The data:
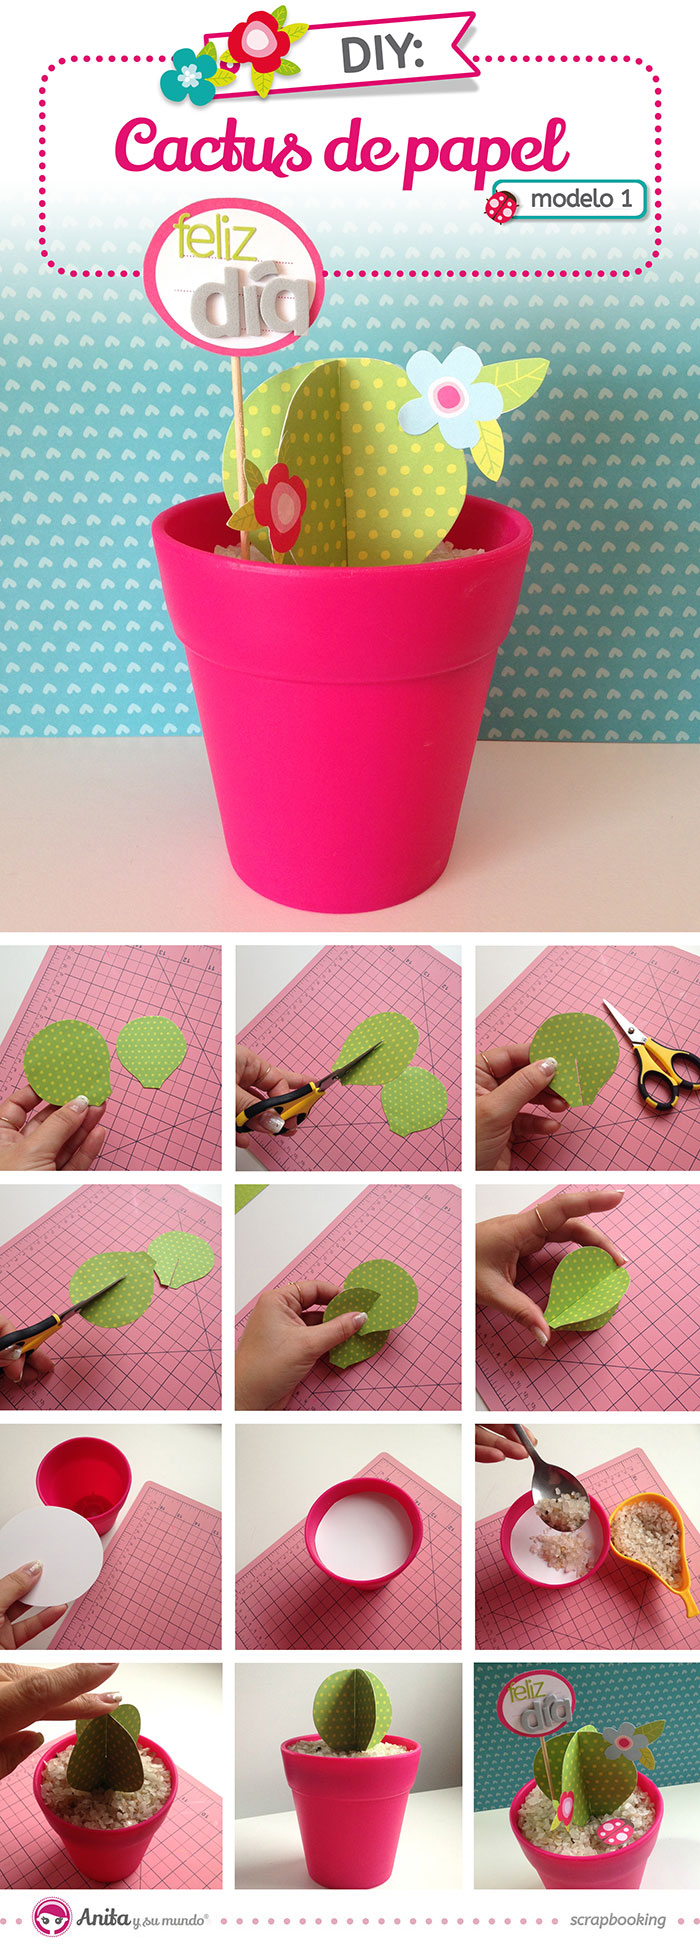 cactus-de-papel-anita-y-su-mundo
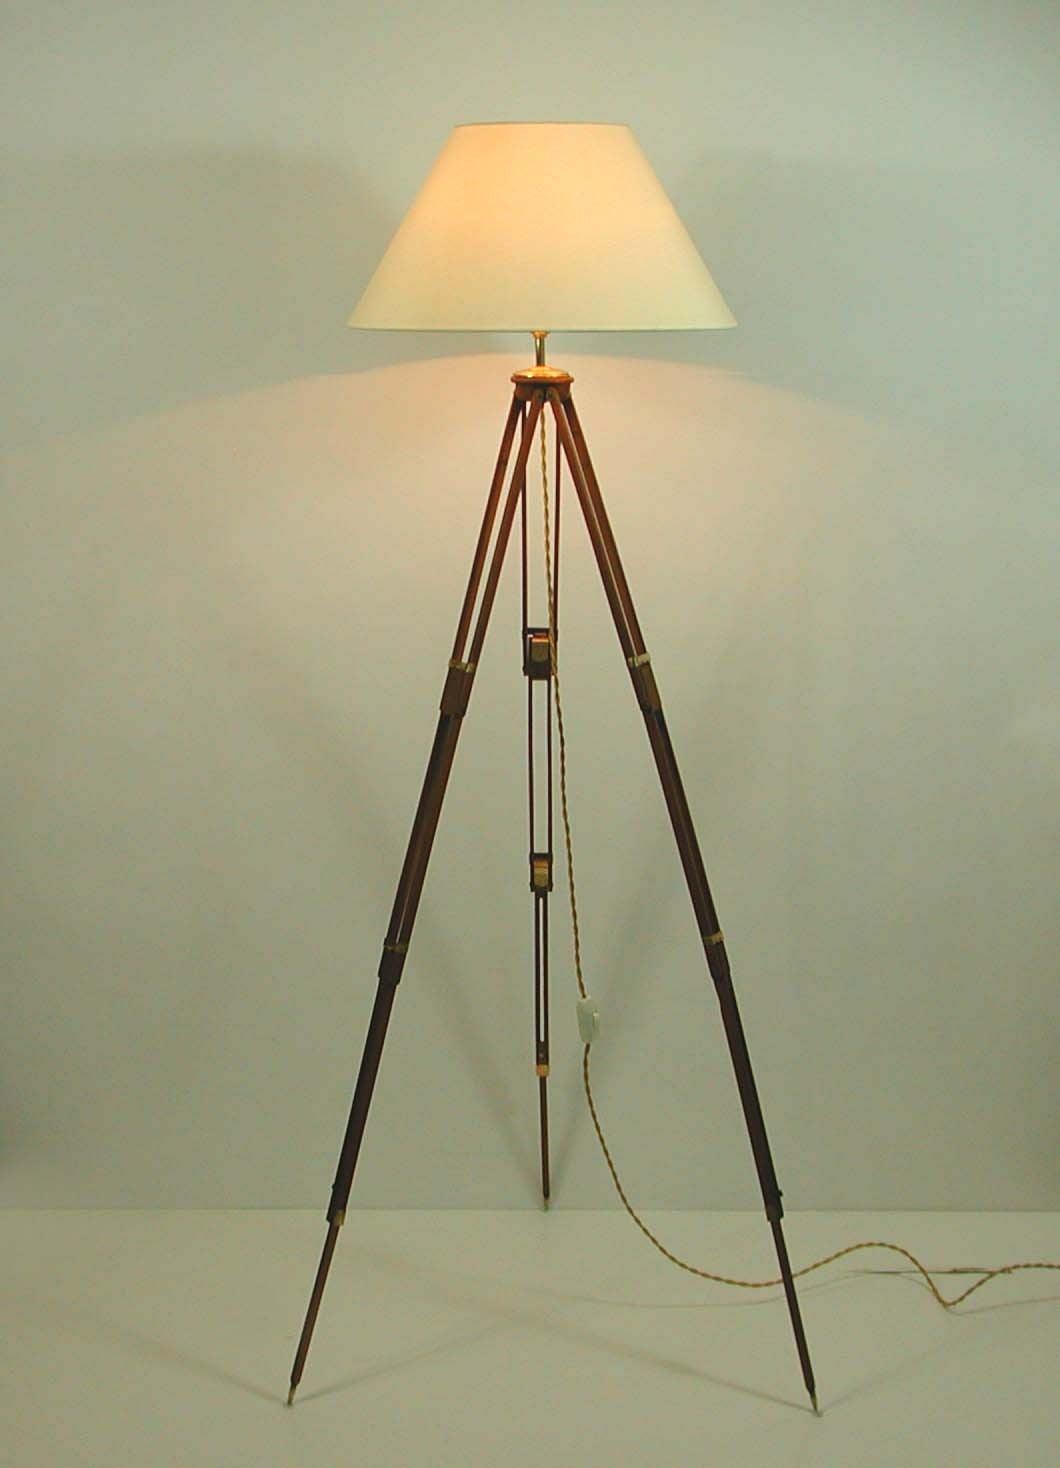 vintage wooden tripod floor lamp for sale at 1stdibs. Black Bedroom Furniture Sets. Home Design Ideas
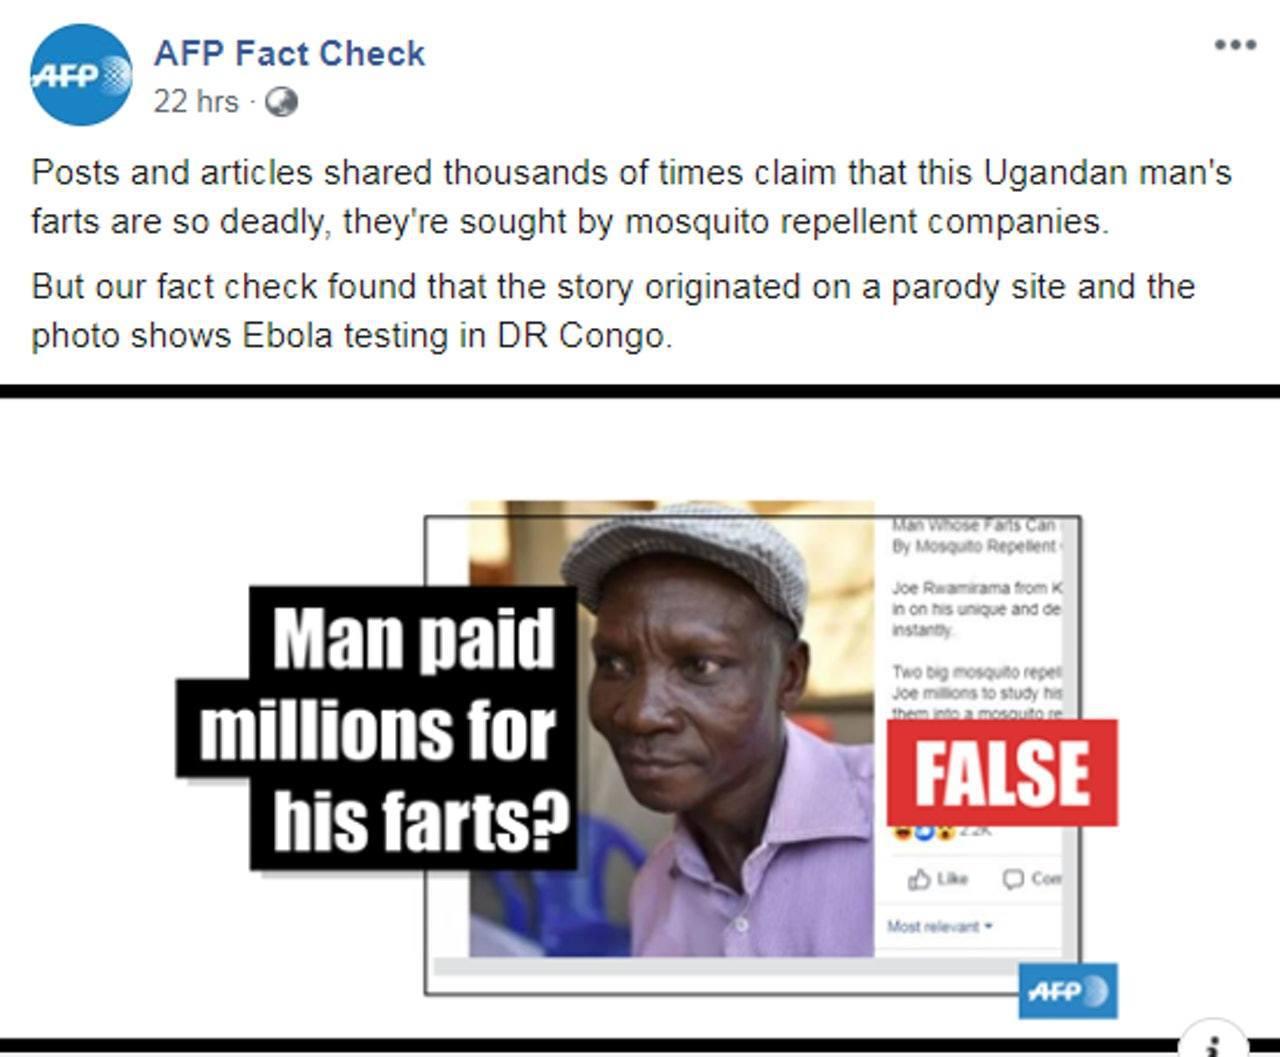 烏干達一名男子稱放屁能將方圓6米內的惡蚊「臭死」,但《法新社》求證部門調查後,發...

Exercise instructions:
The output is to be the material in full and unaltered, with pictures omitted.

Solution:
 cactus-de-papel-anita-y-su-mundo
 vintage wooden tripod floor lamp for sale at 1stdibs. Black Bedroom Furniture Sets. Home Design Ideas
 烏干達一名男子稱放屁能將方圓6米內的惡蚊「臭死」,但《法新社》求證部門調查後,發...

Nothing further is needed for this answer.